EXERCISE AIM:
What is needed is a word-for-word copy of all the entries, minus the pictures.

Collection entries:
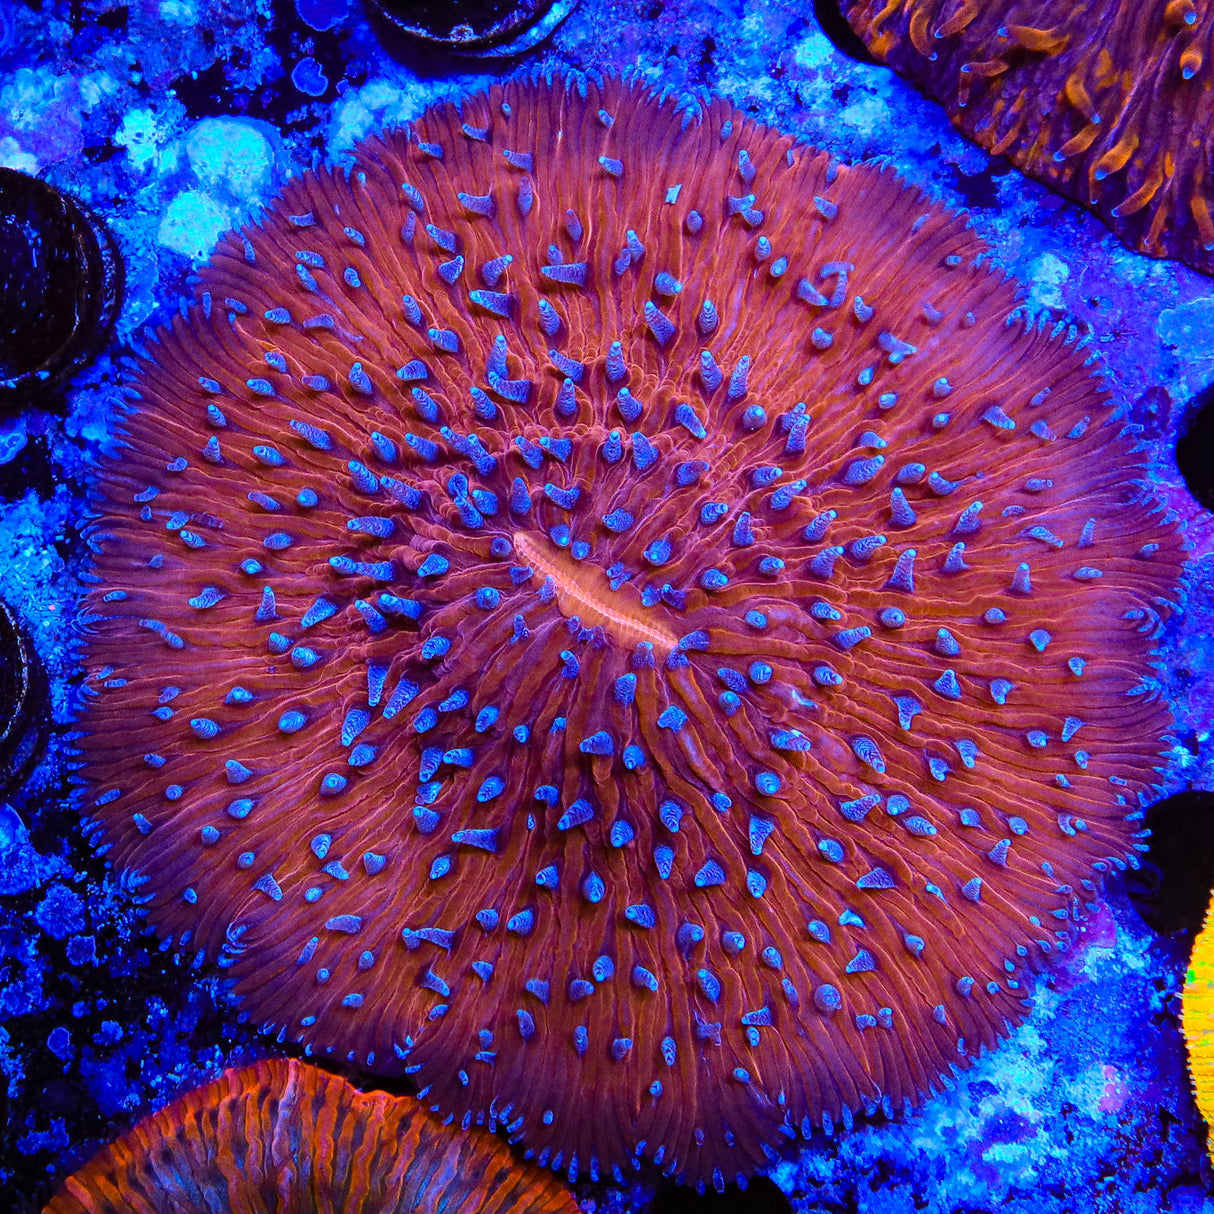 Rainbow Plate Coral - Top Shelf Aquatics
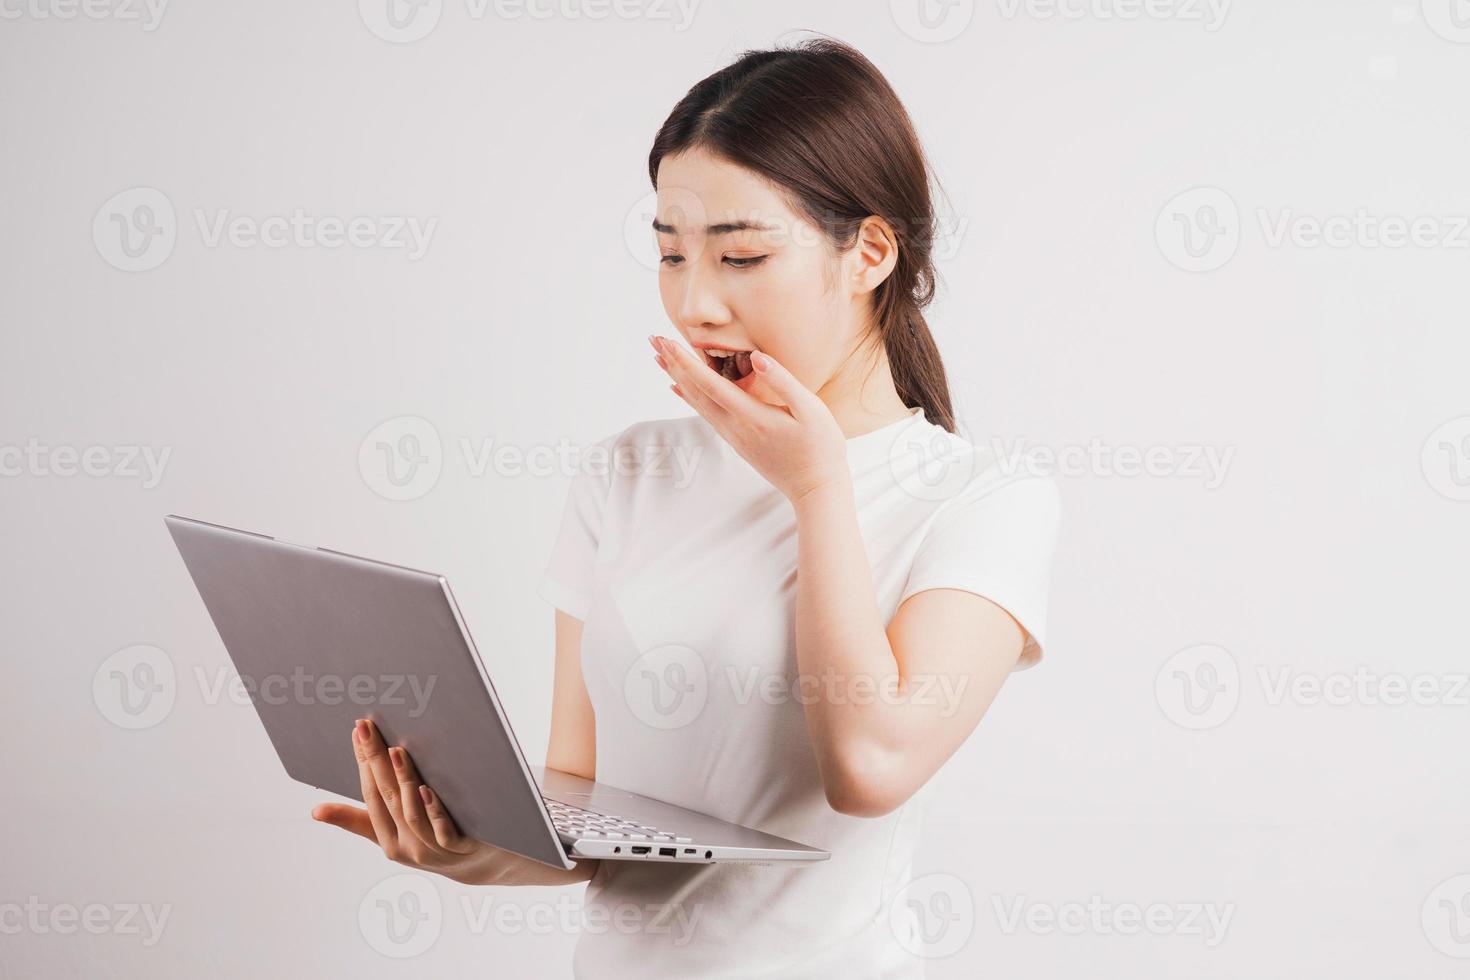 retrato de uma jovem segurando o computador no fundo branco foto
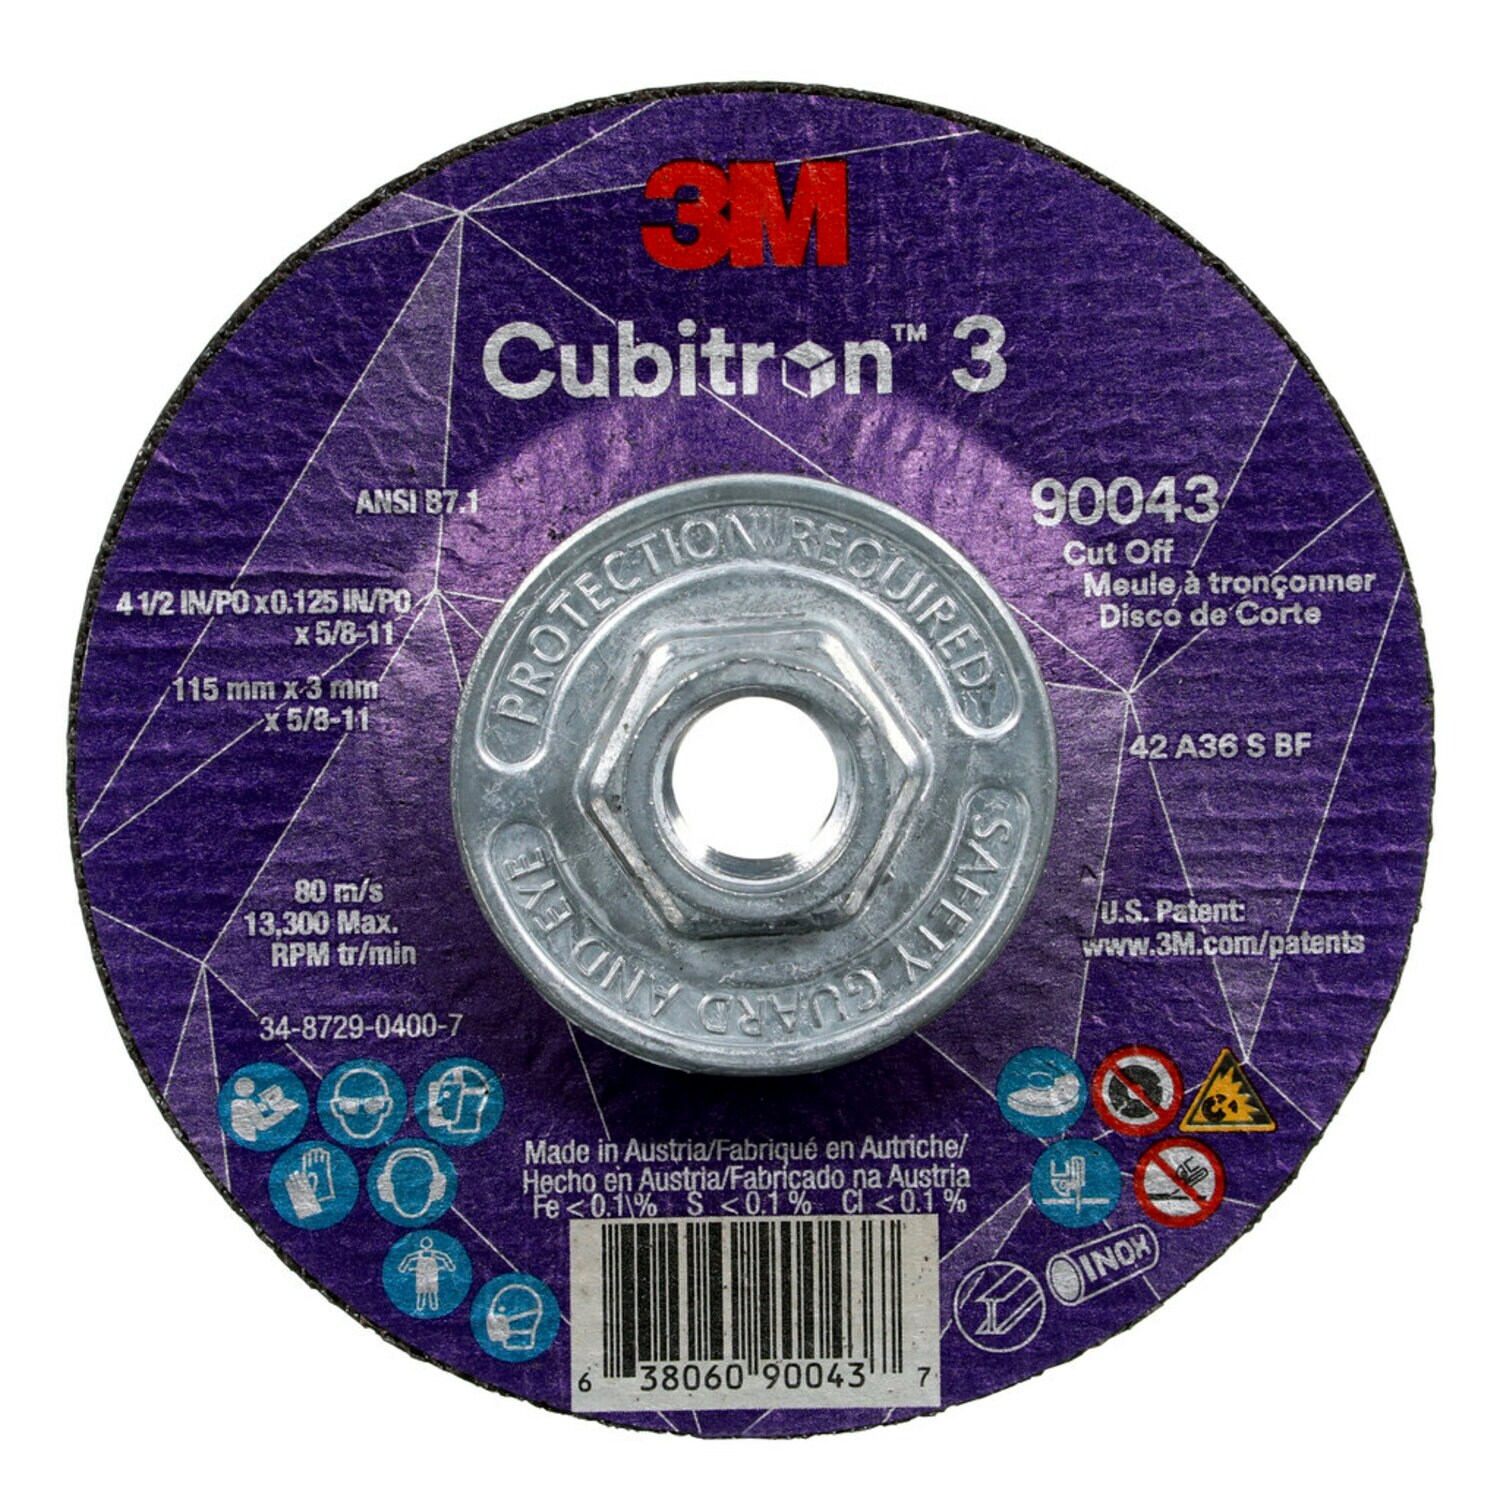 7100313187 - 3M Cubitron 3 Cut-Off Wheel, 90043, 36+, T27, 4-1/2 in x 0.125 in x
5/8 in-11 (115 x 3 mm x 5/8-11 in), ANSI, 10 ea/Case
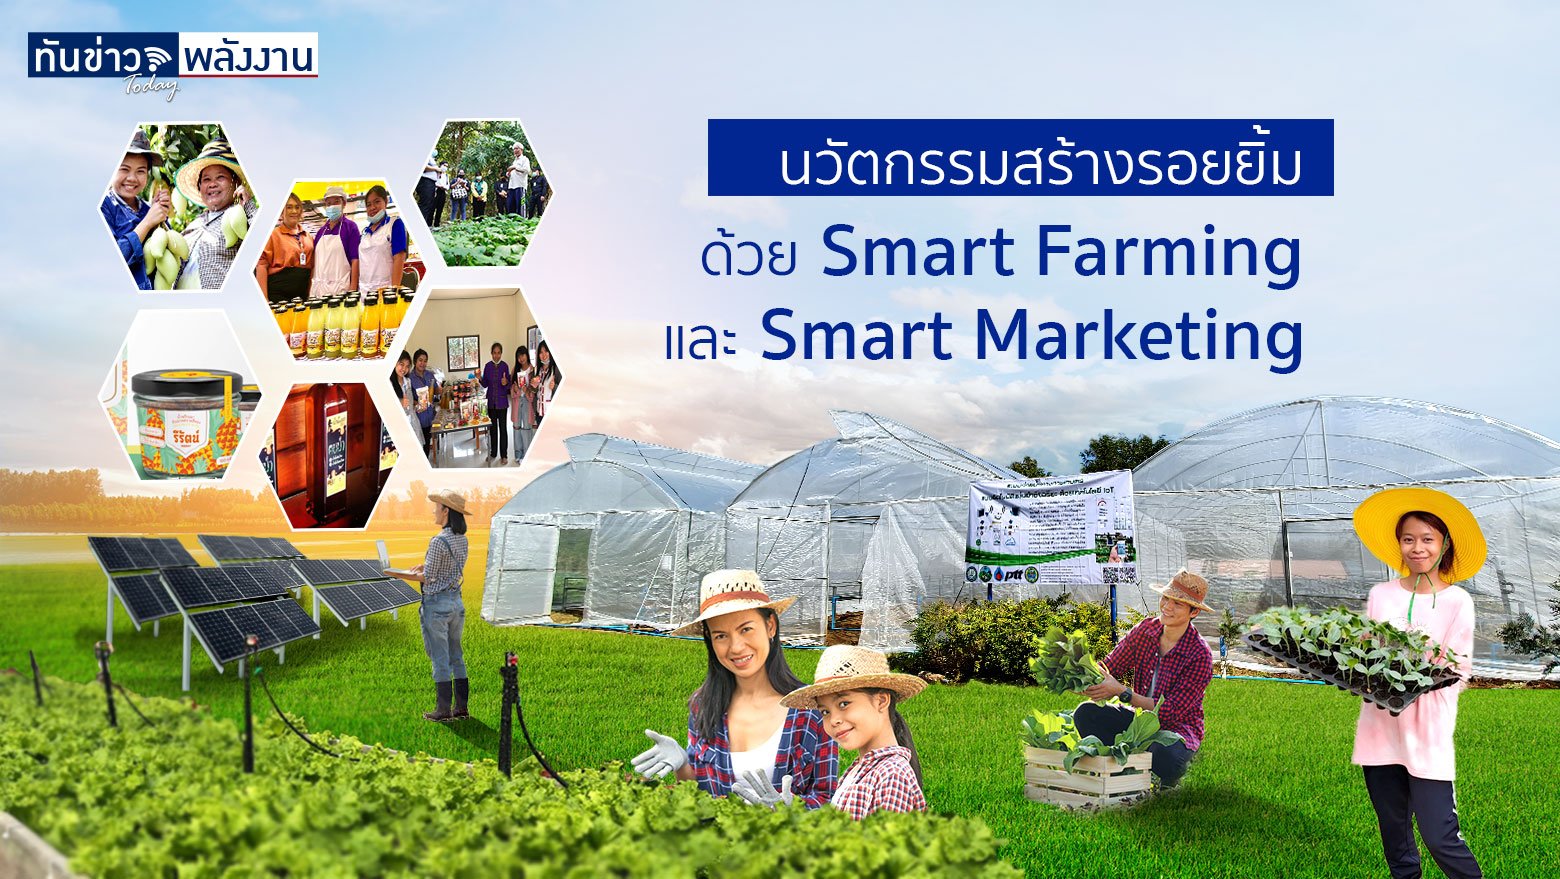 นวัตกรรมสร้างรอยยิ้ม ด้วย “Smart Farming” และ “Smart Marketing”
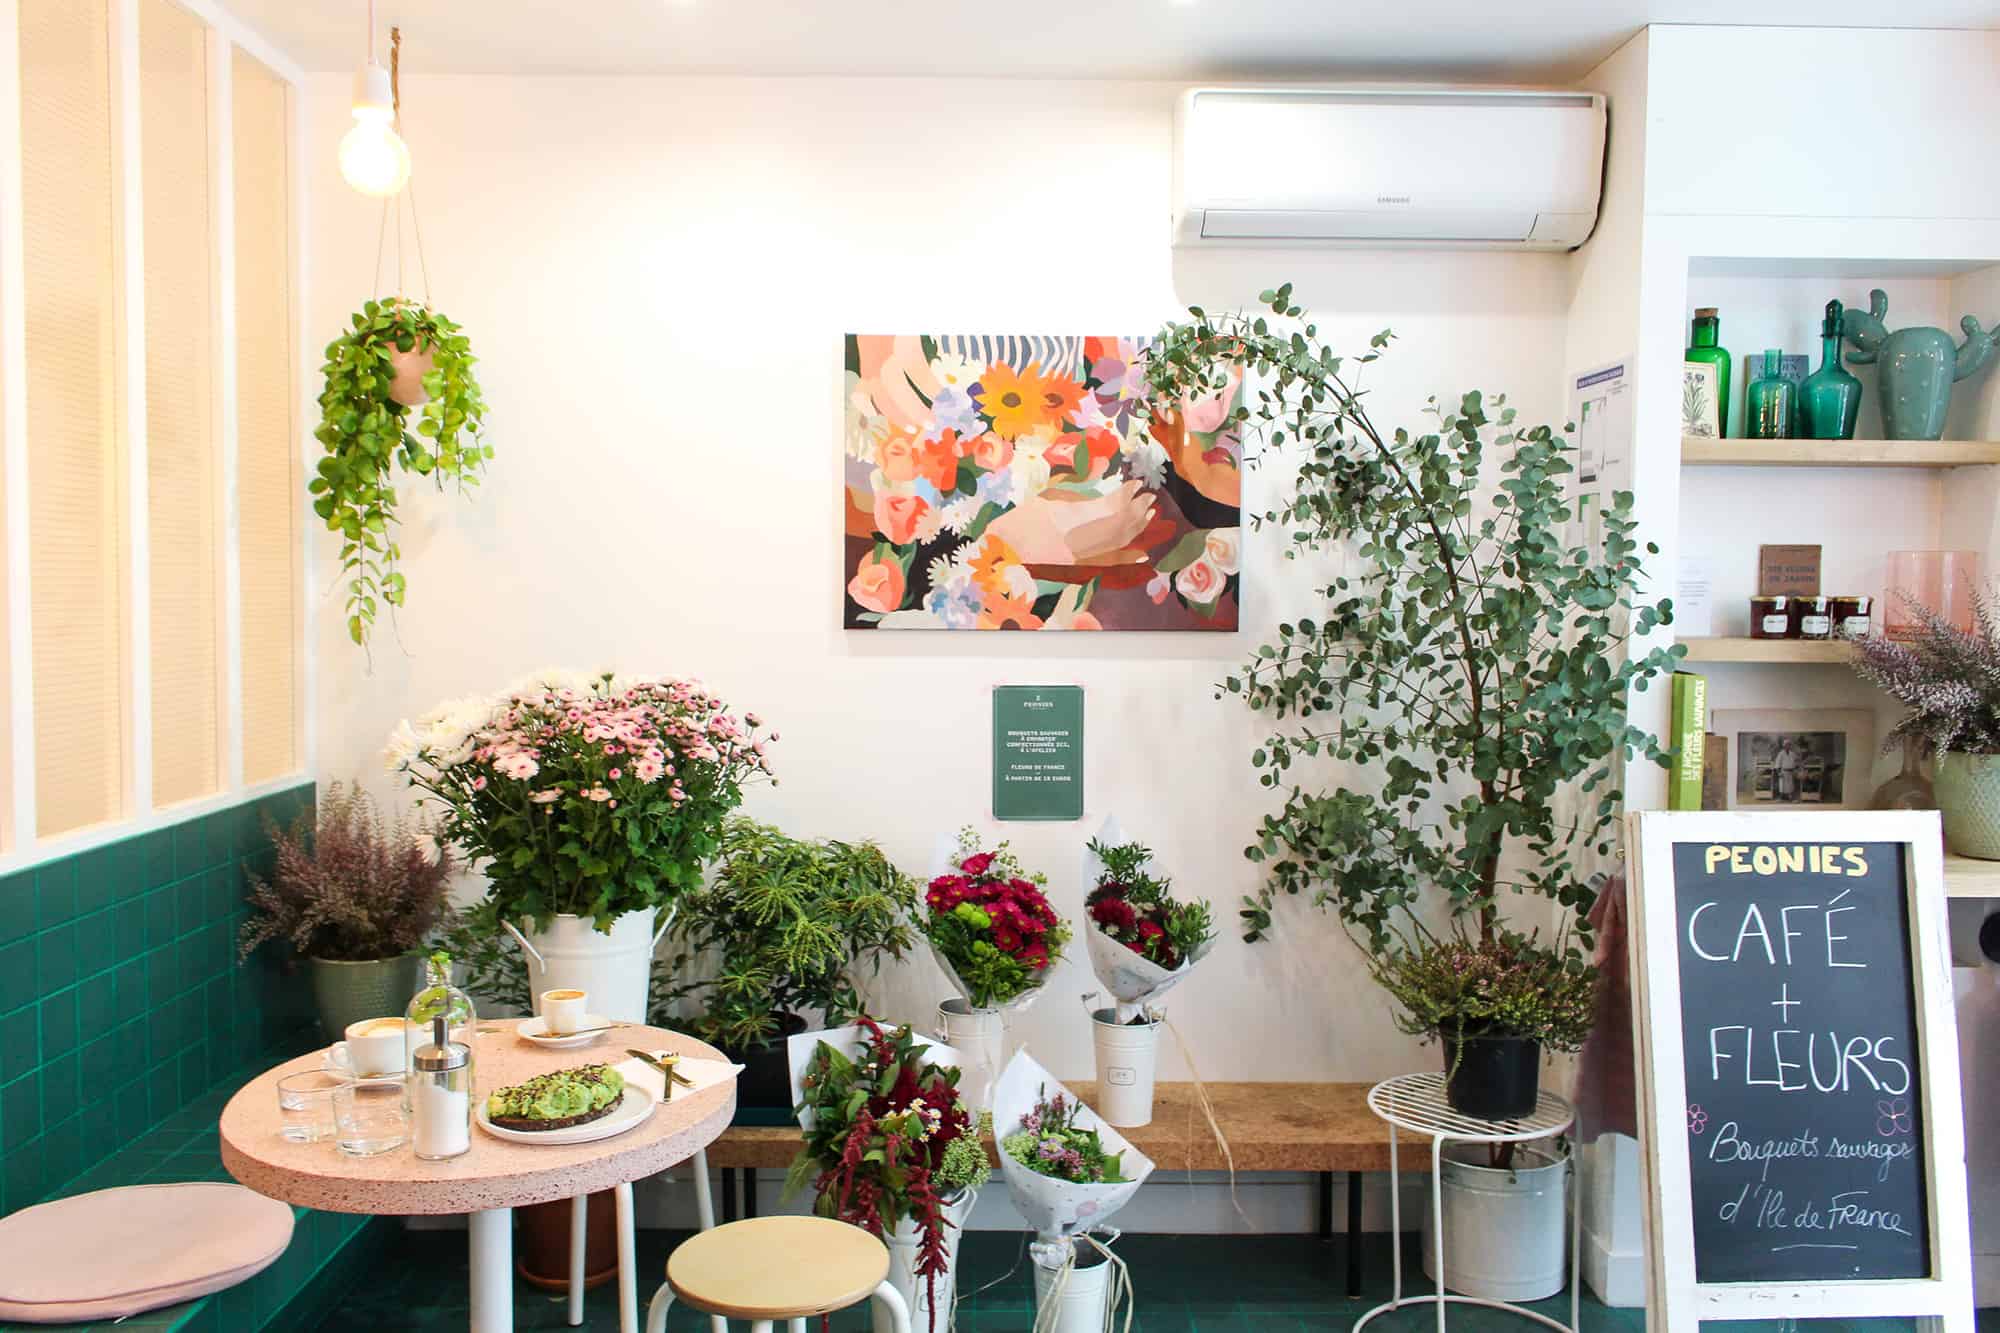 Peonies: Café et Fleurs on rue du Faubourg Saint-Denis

REPLY:
 Rainbow Plate Coral - Top Shelf Aquatics
 retrato de uma jovem segurando o computador no fundo branco foto
 7100313187 - 3M Cubitron 3 Cut-Off Wheel, 90043, 36+, T27, 4-1/2 in x 0.125 in x
5/8 in-11 (115 x 3 mm x 5/8-11 in), ANSI, 10 ea/Case
 นวัตกรรมสร้างรอยยิ้ม ด้วย “Smart Farming” และ “Smart Marketing”
 Peonies: Café et Fleurs on rue du Faubourg Saint-Denis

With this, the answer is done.